- Aim of the exercise: What you should give back is a precise copy of the lines below from the one containing "Sandeep Niwas" through the one containing "Star Advertiser_Hawaii's Best", with no pictures.

- Data for analysis:
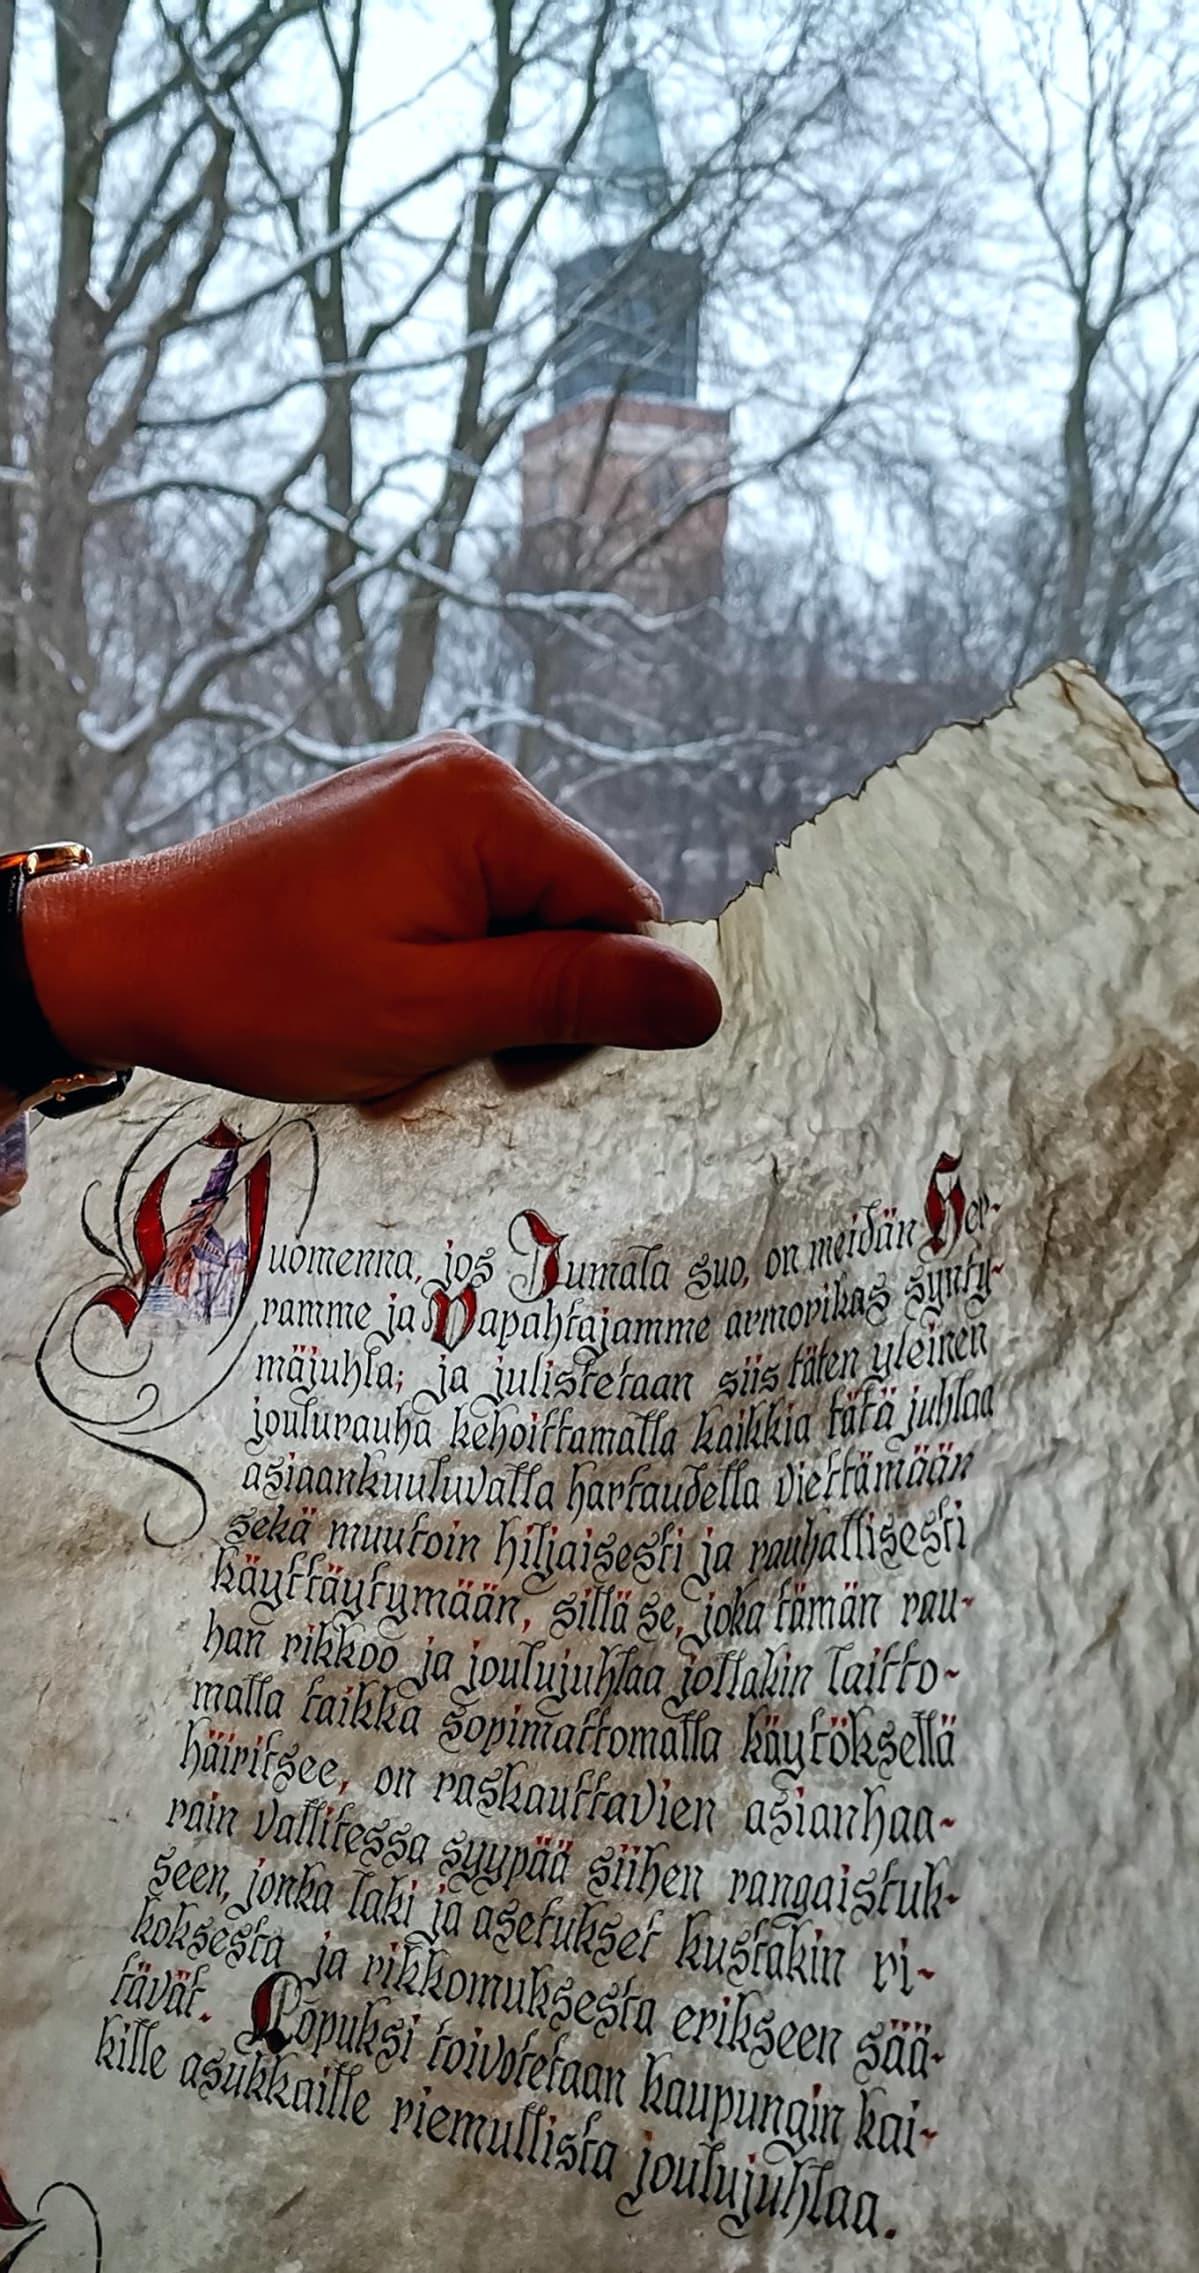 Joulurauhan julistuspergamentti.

* * *

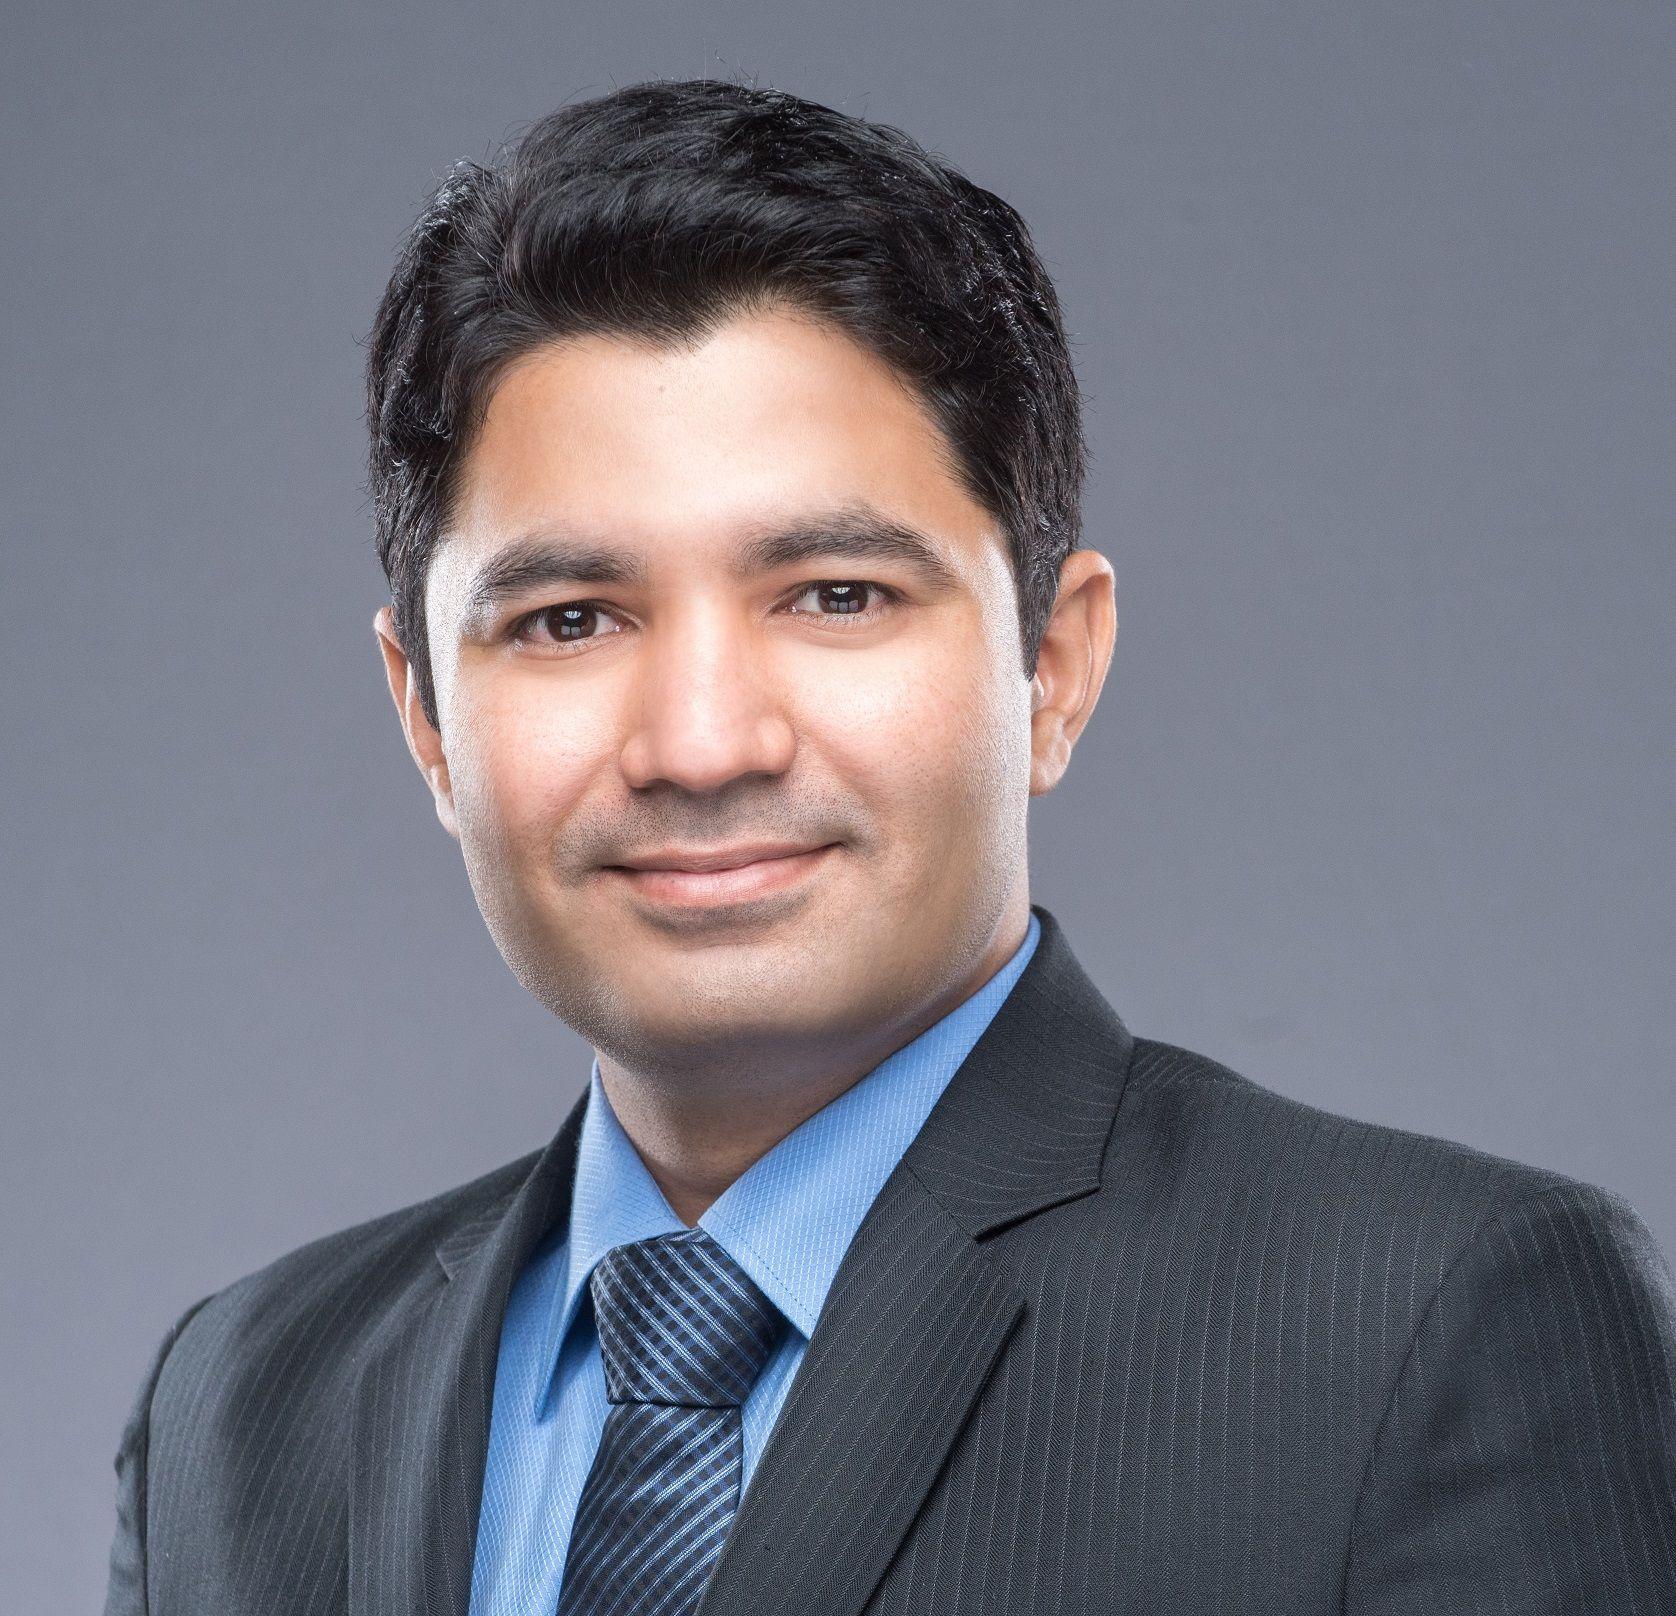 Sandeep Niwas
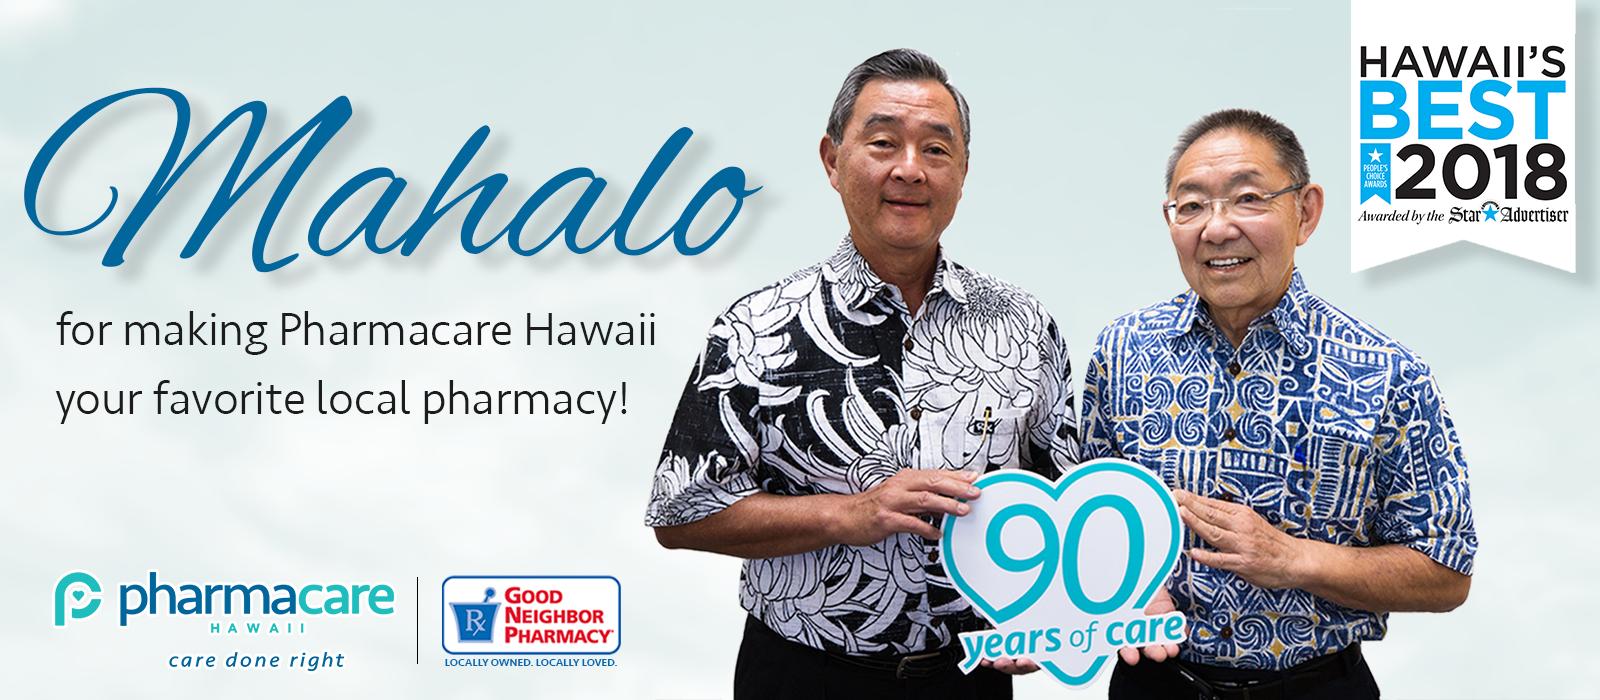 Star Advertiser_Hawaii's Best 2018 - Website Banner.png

==

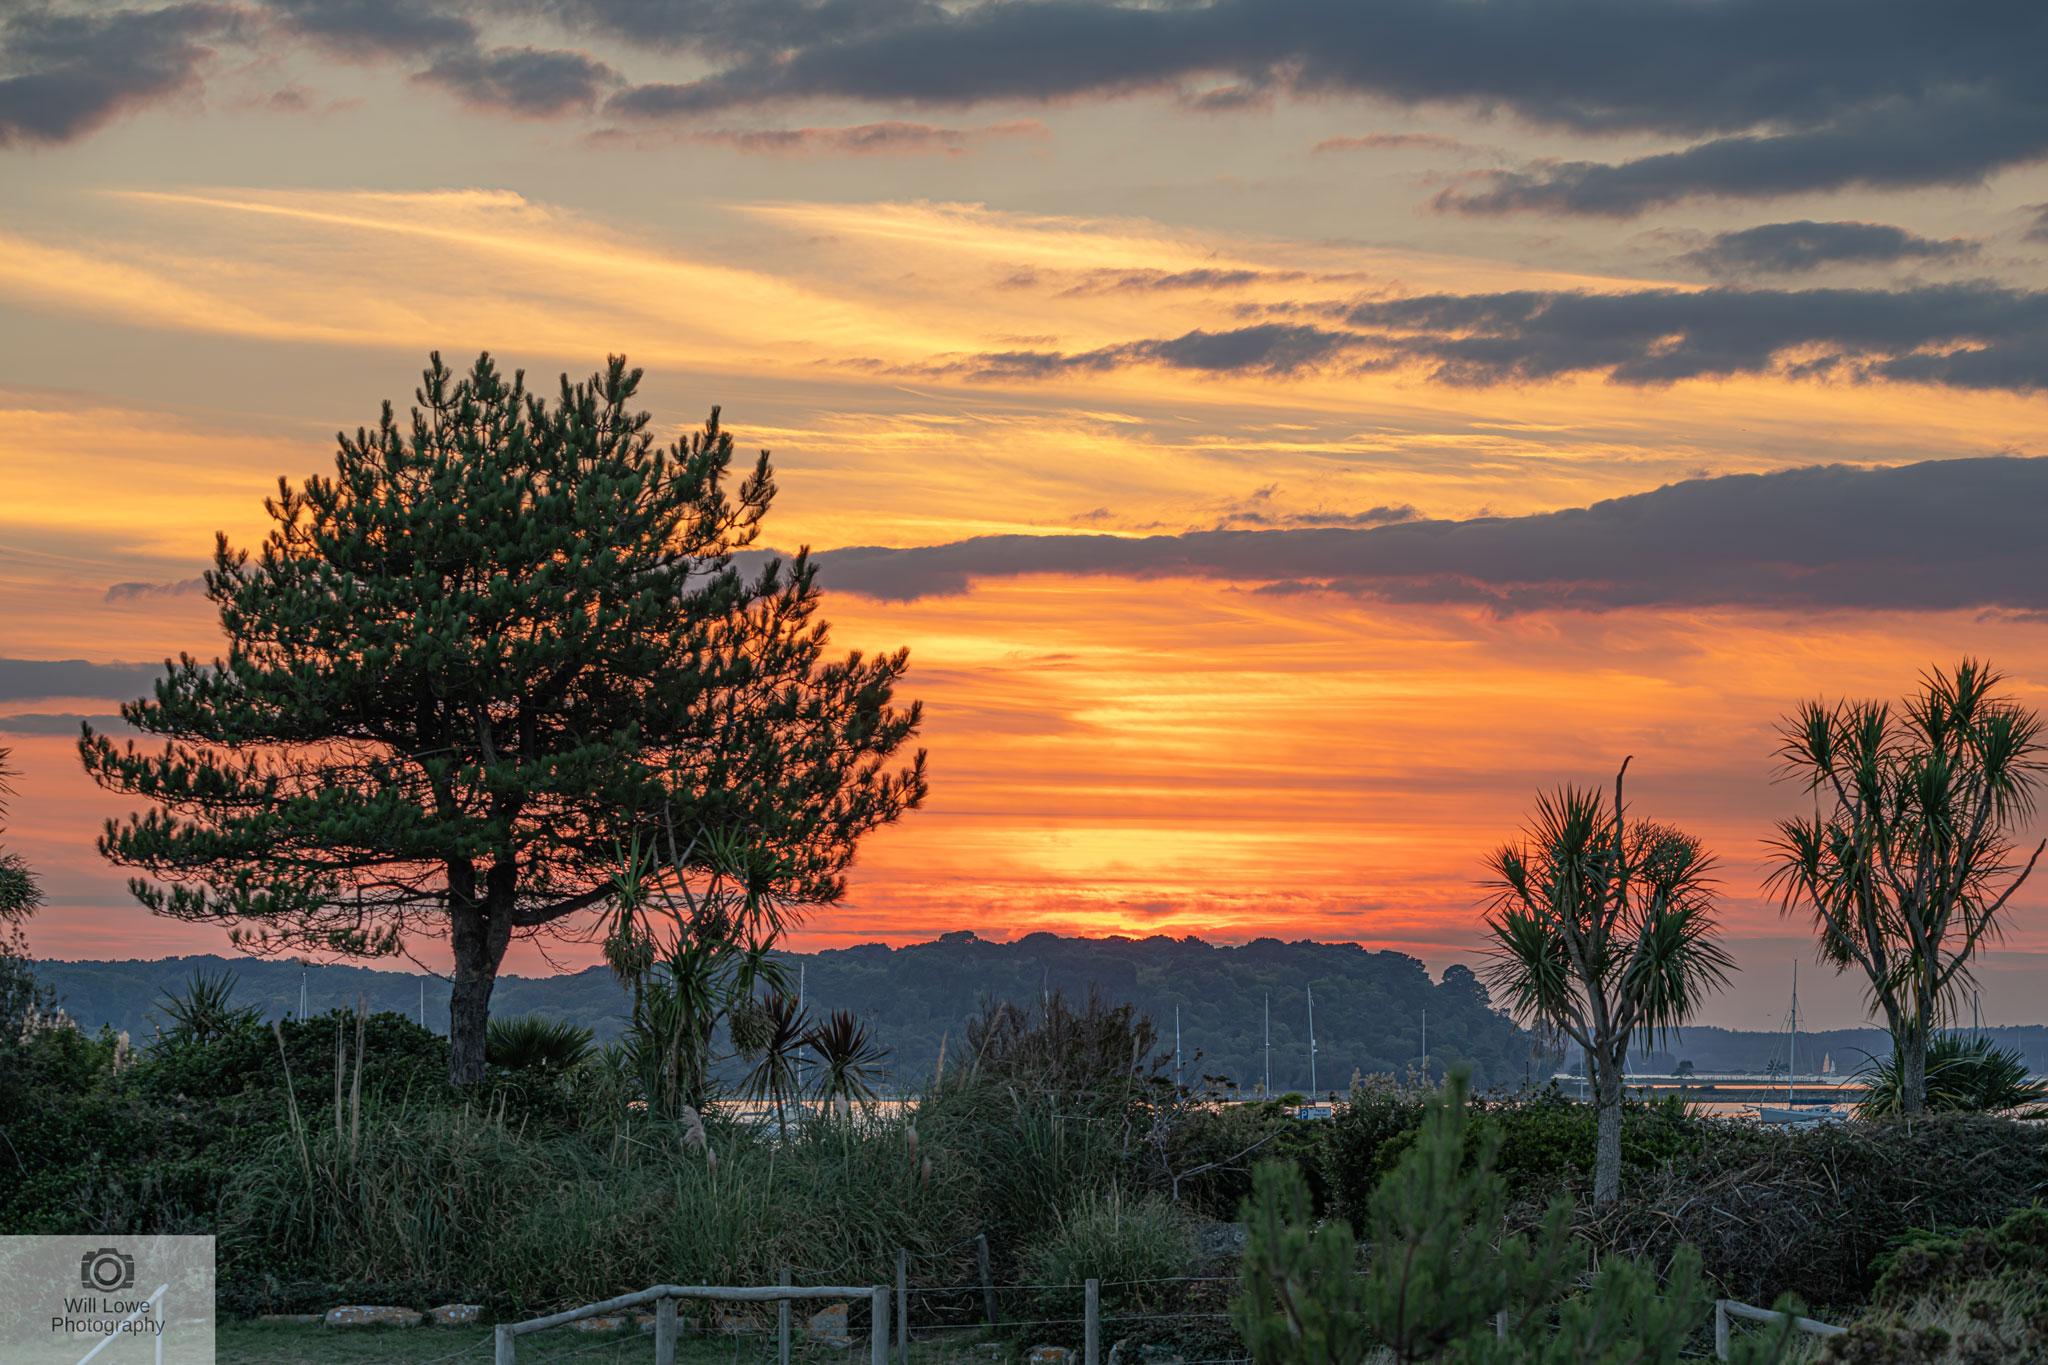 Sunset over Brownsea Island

- Solution to the exercise:
 Sandeep Niwas
 Star Advertiser_Hawaii's Best 2018 - Website Banner.png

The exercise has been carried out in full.